# Which is better?



## ESA1178 (Dec 3, 2011)

Attaching cable along the mast using standoffs?

Or running the cable through the middle of the mast?

Does running it through the middle effect reception?

Thanks a bunch for your input...

Mark


----------



## Jim5506 (Jun 7, 2004)

If you are talking about coaxial cable, like RG-6, I usually just tape it securely to the mast. It's shielded so the inner conductor doesnt know the mast is there.

As for running it down the center of the mast, it might chafe at the entry point due to no support for the length of the mast.


----------



## donebu (Sep 24, 2011)

I used zip ties or cable ties to attach my RG6 to the mast and tower but the cable ties deteriorated and the cable came loose. I used UV resistant cable ties to replace them as high as I could reach, but is there something better to use to attach RG6 coax cable?


----------



## P Smith (Jul 25, 2002)

copper or aluminum pieces of wire


----------



## Junkbarman (Apr 22, 2010)

P Smith said:


> copper or aluminum pieces of wire


should be careful doing this, as you don't want to damage the cable or "dent it"..


----------



## P Smith (Jul 25, 2002)

now you can find flat plastic with a wire inside, like we're getting the 'ties' in boxes with gadgets


----------



## kenglish (Oct 2, 2004)

I usually wrap one or two turns of black electrical tape around the mast, then lay the coax against that, and make about two or three more turns of the tape.
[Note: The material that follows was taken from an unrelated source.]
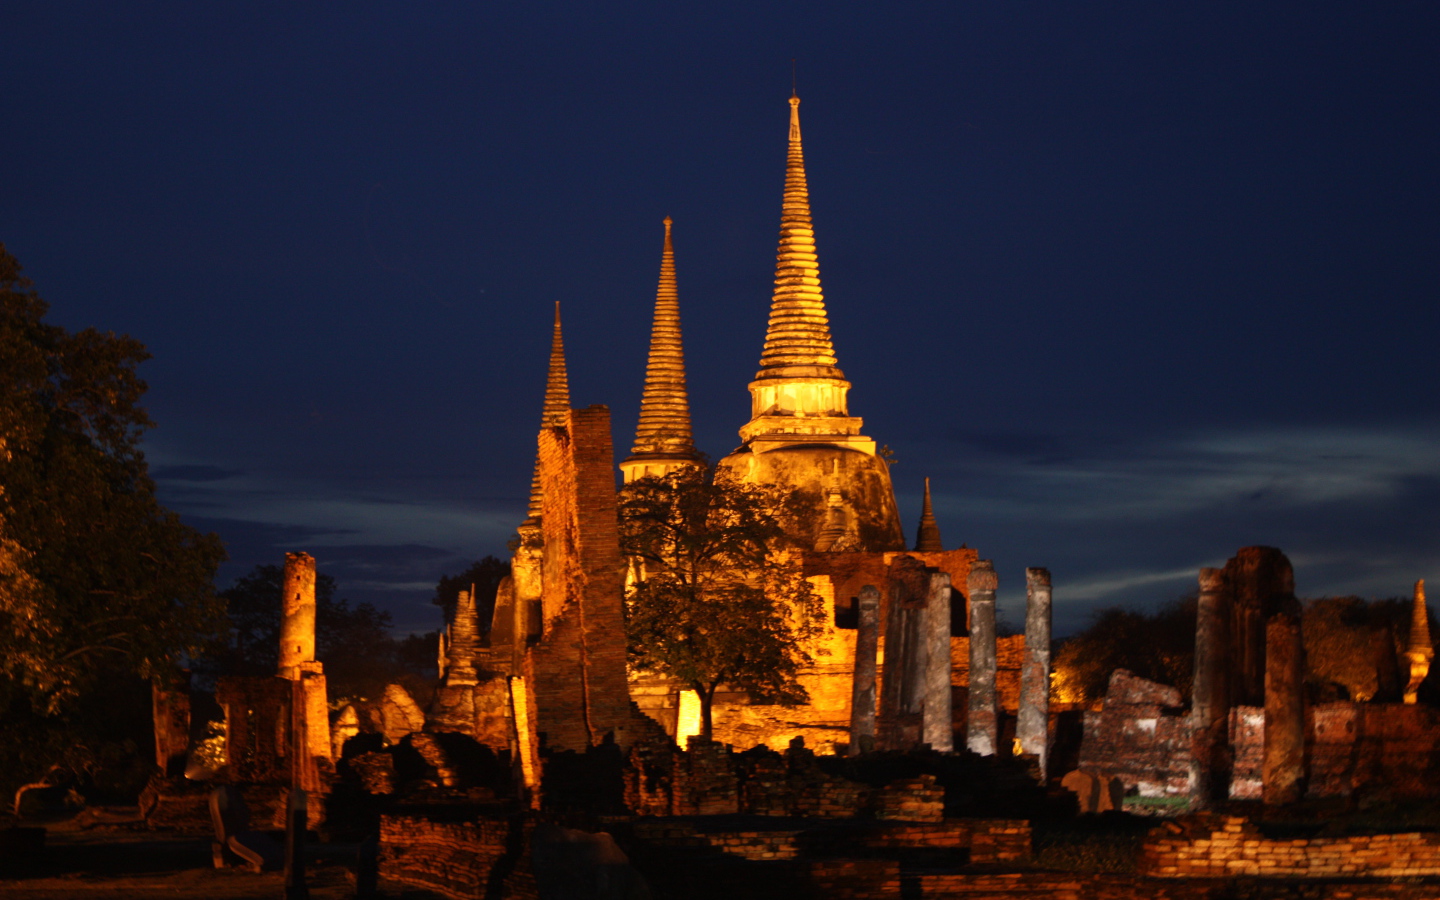 Night illumination of the temple at the resort Ayuthaya, Thailand
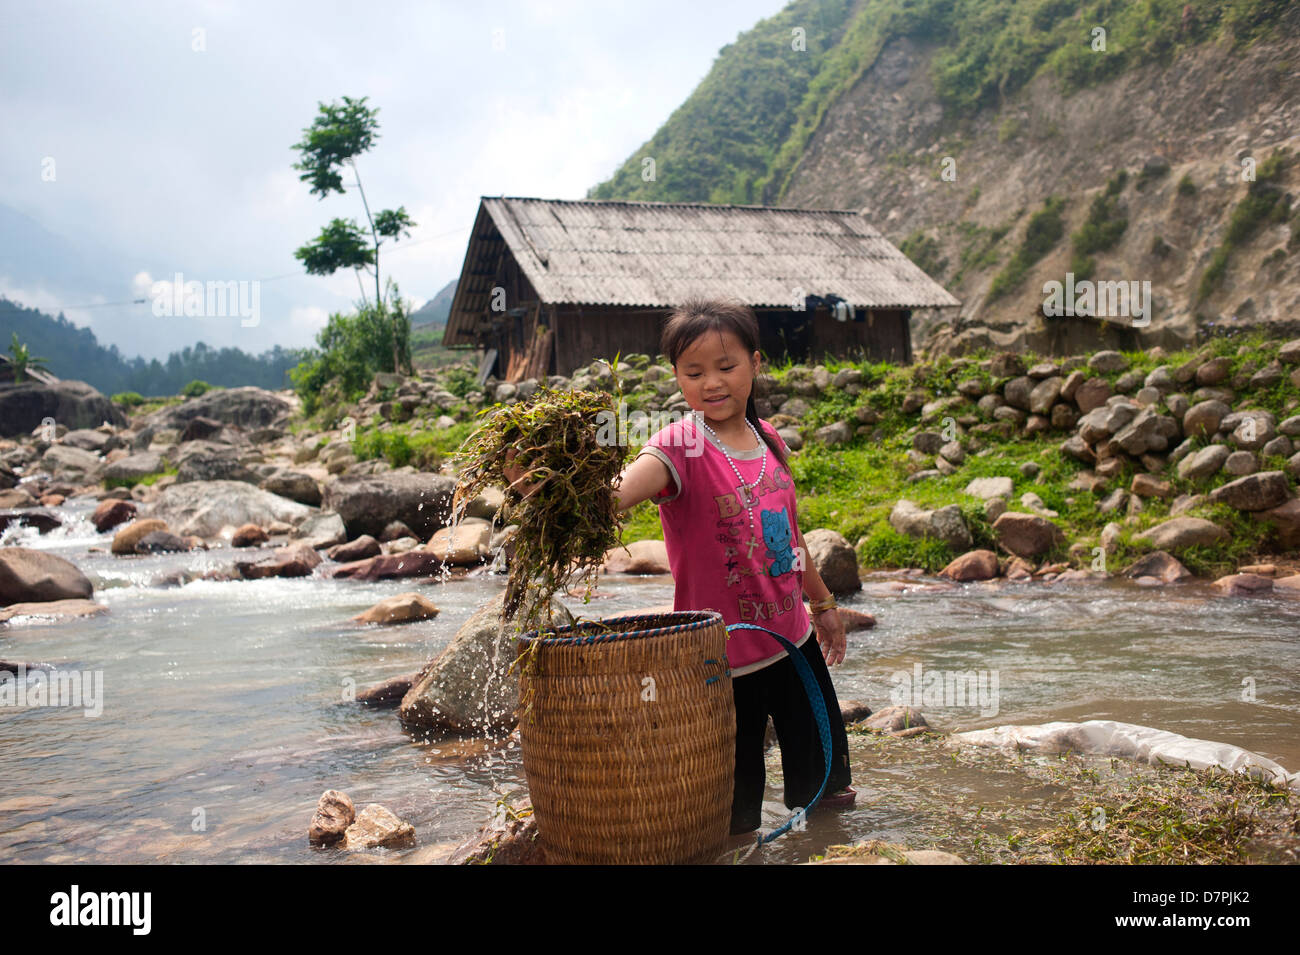 Sapa region, North East Vietnam  - Girl putting crops in a basket. Stock Photo

This pads the cable a little bit, and allows me to then use a black (UV-resistant) cable tie over the whole thing. The outer layers of tape keep the cable-tie from putting too much pressure at one spot on the cable, which would deform it and cause a reflection in the signal.


----------



## ionamartin123 (Jun 2, 2013)

Cable or copperwire is better.


----------



## n3ntj (Dec 18, 2006)

I agree.. using quad-shielded RG-6, simply tie-wrap (using ones designed for exterior use) the coax along the exterior of the mast is best. Running the coax down the inside of the mast may lead to damage of the coax over time,


----------



## Jim5506 (Jun 7, 2004)

The only problem I see with twist ties or zip ties is their small contact area with the cable, in order to secure the cable you might over tighten them and crimp the coax, causing a series of places along the cable that have resistance chokes and really hurt your signal.

My preference is black electrical tape, a couple of wraps around the pole then a couple of wraps around the pole with the coax.


----------



## P Smith (Jul 25, 2002)

I've seen plastic [black] half-tubes, these leftovers after installing door cases. Should works as guards against deforming the coax cable by zip ties.


----------